Best 150 Lawyers Profile: Robert Divine

Immigration attorney Robert Divine had a perfectly good life in Chattanooga as a member of Baker, Donelson, Bearman, Caldwell & Berkowitz. He didn't need to give up his substantial salary to become a policy maker in Washington, D.C., for one of the nation's biggest bureaucracies. But that's exactly what he did in 2004 when he accepted the appointment of President George W. Bush as the first Chief Counsel of the U.S. Citizenship and Immigration Services (USCIS), the world's largest immigration services agency (housed within the Department of Homeland Security).

Regarding his appointment to the most important government job an immigration lawyer can have, Divine says, "I told the director, 'If you think I'm the right person for the role, I'm willing to do it, but I want you to know what you're getting--I can't stand it when the rules aren't clear because nobody knows what to do, and I'm just going to bug people until the rules are clear. And I also can't stand it when people are chasing their tails, and I'm just going to bug people until the process is efficient.'"

Once in place, Divine set about trying to untangle the nation's immigration laws, many of which are unclear. But when the USCIS director resigned to become ambassador to Spain, Divine was asked to run the entire agency until another Senate-confirmed person was selected. For the next six months, Divine was essentially CEO of a $2 billion, 15,000-employee operation that was, at the time, in the national spotlight. His promotion came right about the time the real debate got started in America regarding whether or not to legalize 15 million American aliens.

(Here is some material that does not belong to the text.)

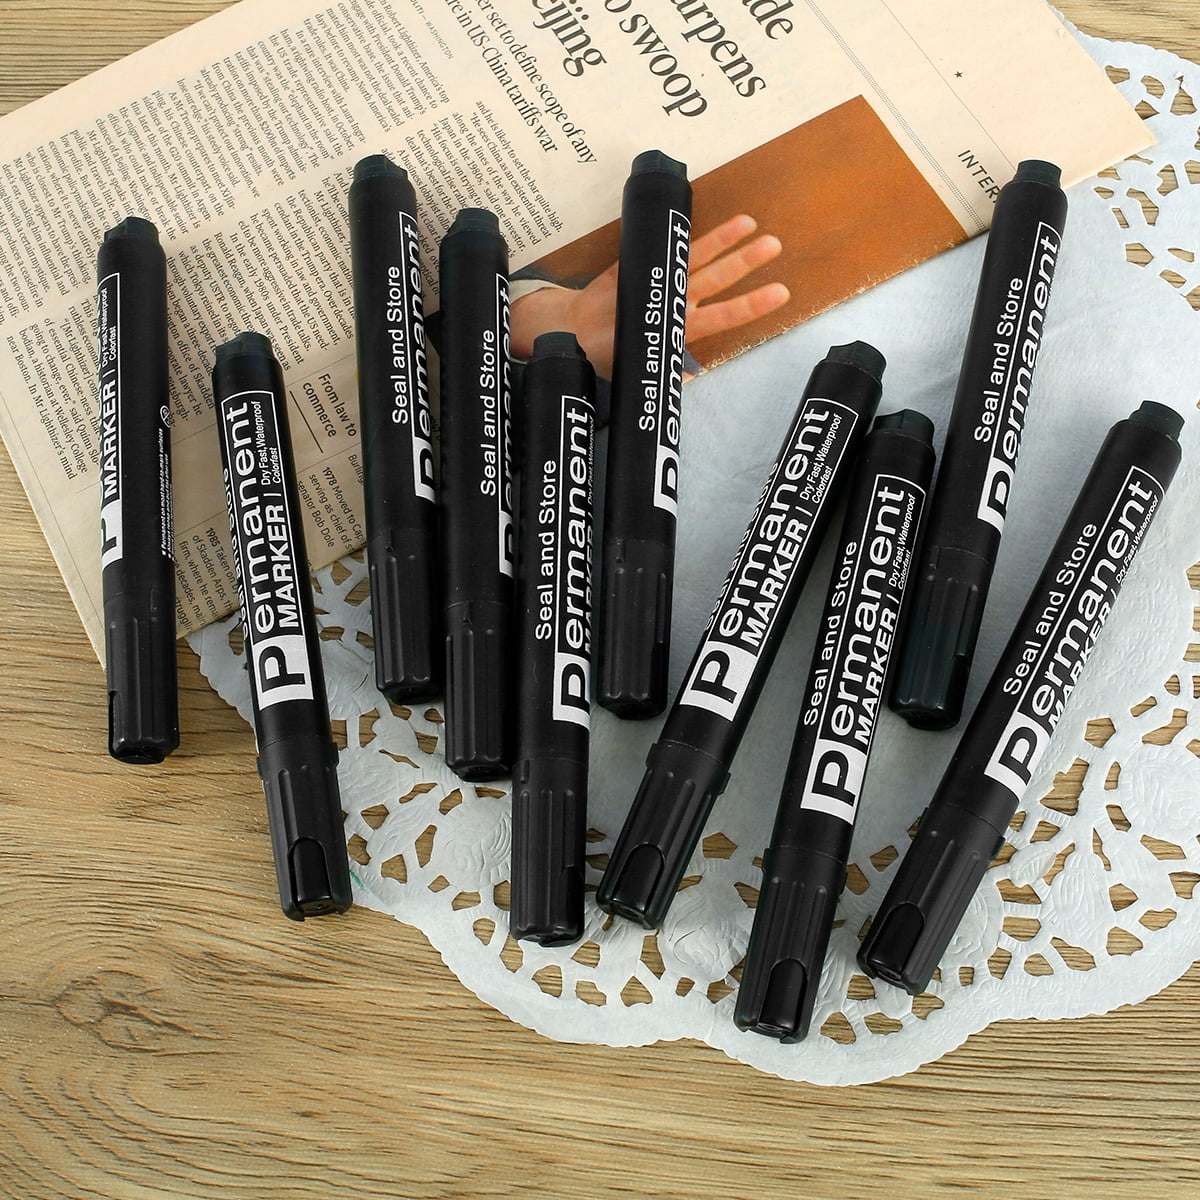 4 X Permanent Marker Pens Black Markers Bullet Tip High Quality Waterproof

No doubt workers in the immigration service were relieved to be working for someone who understood their issues and for whom not every briefing had to be Immigration 101. Divine is diplomatic when asked if such a statement is true. "It was no doubt pleasant for these folks to have someone running their agency who knew their world--who knew their law, policies and procedures. You could get in a little deeper to what needed to get done," he says.

Divine's work in helping move the agency forward could go a long way toward shifting the debate over immigration. After all, a primary argument used by anti-immigration advocates has always been to wag the finger at the inefficient USCIS and question how, if the agency can't take care of the cases it's already got, can it be charged with processing all these new legals and making sure they aren't bad guys? Under director Divine, among other accomplishments, the agency developed a "transformation of agency" plan to completely revamp the agency's technology systems and business processes. Though not yet a completed project because it involves a major acquisition of services from vendors, that work is the basis of a big contract being set up right now to hire an IBM or Accenture to lead that effort. "People are really excited that someone got in there and made decisions," Divine says.

Divine later spent another six months in Washington as Acting Deputy Director of USCIS before returning to practice at Baker Donelson in Chattanooga. He continues to revise and annually update his book Immigration Practice, a 1,600-page practical treatise designed for immigration lawyers.